# Winter Gardening



## Davarm (Oct 22, 2011)

For those of you who live in a mild climate and want to garden in the winter months but dont want to chance losing plants to frost, the attached picture shows how I run a center line of PVC(in front of the rosemary bushes) down a bed to support a covering of plastic. 

I just anchor the plastic down on all sides of the pvc and it makes a cheap and easy greenhouse. I lift the plastic on either end and spray the hose down the plot to water it when the condensation on the plastic dissappears. If the weather is supposed to be cold for a long period of time I put a small space heater under one end and it has kept everything inside happy.

I know it's kinda late for the picture and "how-to" but you can be ready and waiting for your fall and winter gardens. 

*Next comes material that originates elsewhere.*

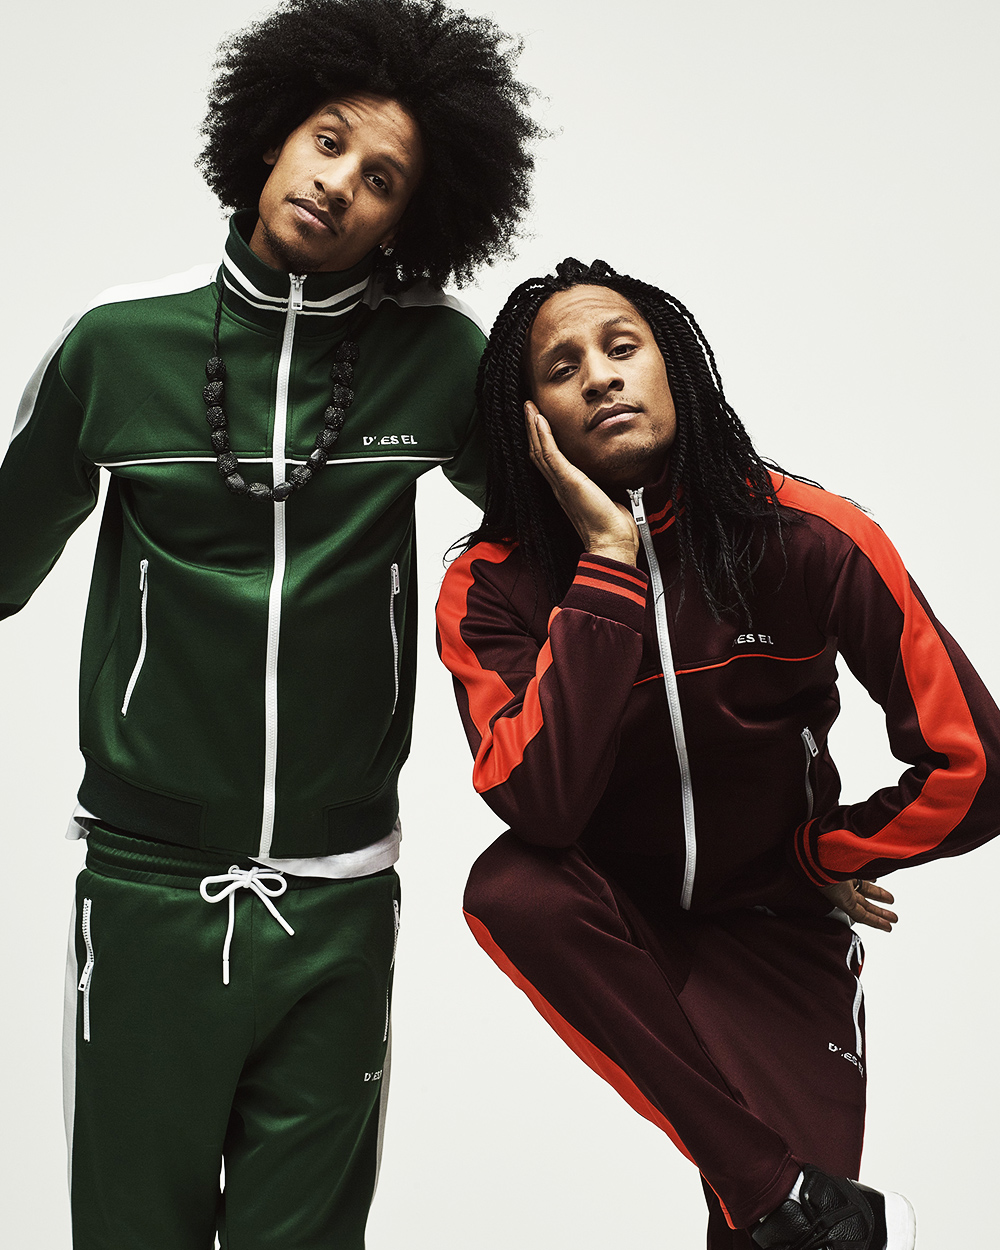 Article, Writing, And Articles Image - Only The Brave Street De La Marque Diesel Les Twins - HD Wallpaper

You cant see it very well but my lavender plants are next to the plot with the pvc, wasn't sure if my soil would like lavender but it seems to be a good match, the lavender seems happy!


----------



## k0xxx (Oct 27, 2011)

Interesting. I do miss the growing seasons along the gulf coast.


----------



## crabapple (Jan 1, 2012)

Davarm said:


> For those of you who live in a mild climate and want to garden in the winter months but dont want to chance losing plants to frost, the attached picture shows how I run a center line of PVC(in front of the rosemary bushes) down a bed to support a covering of plastic.
> 
> I just anchor the plastic down on all sides of the pvc and it makes a cheap and easy greenhouse. I lift the plastic on either end and spray the hose down the plot to water it when the condensation on the plastic dissappears. If the weather is supposed to be cold for a long period of time I put a small space heater under one end and it has kept everything inside happy.
> 
> ...


I see blocks,roll of wire, wire cages, rich soil & enough Rosemary to feed the state for a year.
Looks like you are ready for Spring.


----------



## Davarm (Oct 22, 2011)

Yea, but that was last year!


----------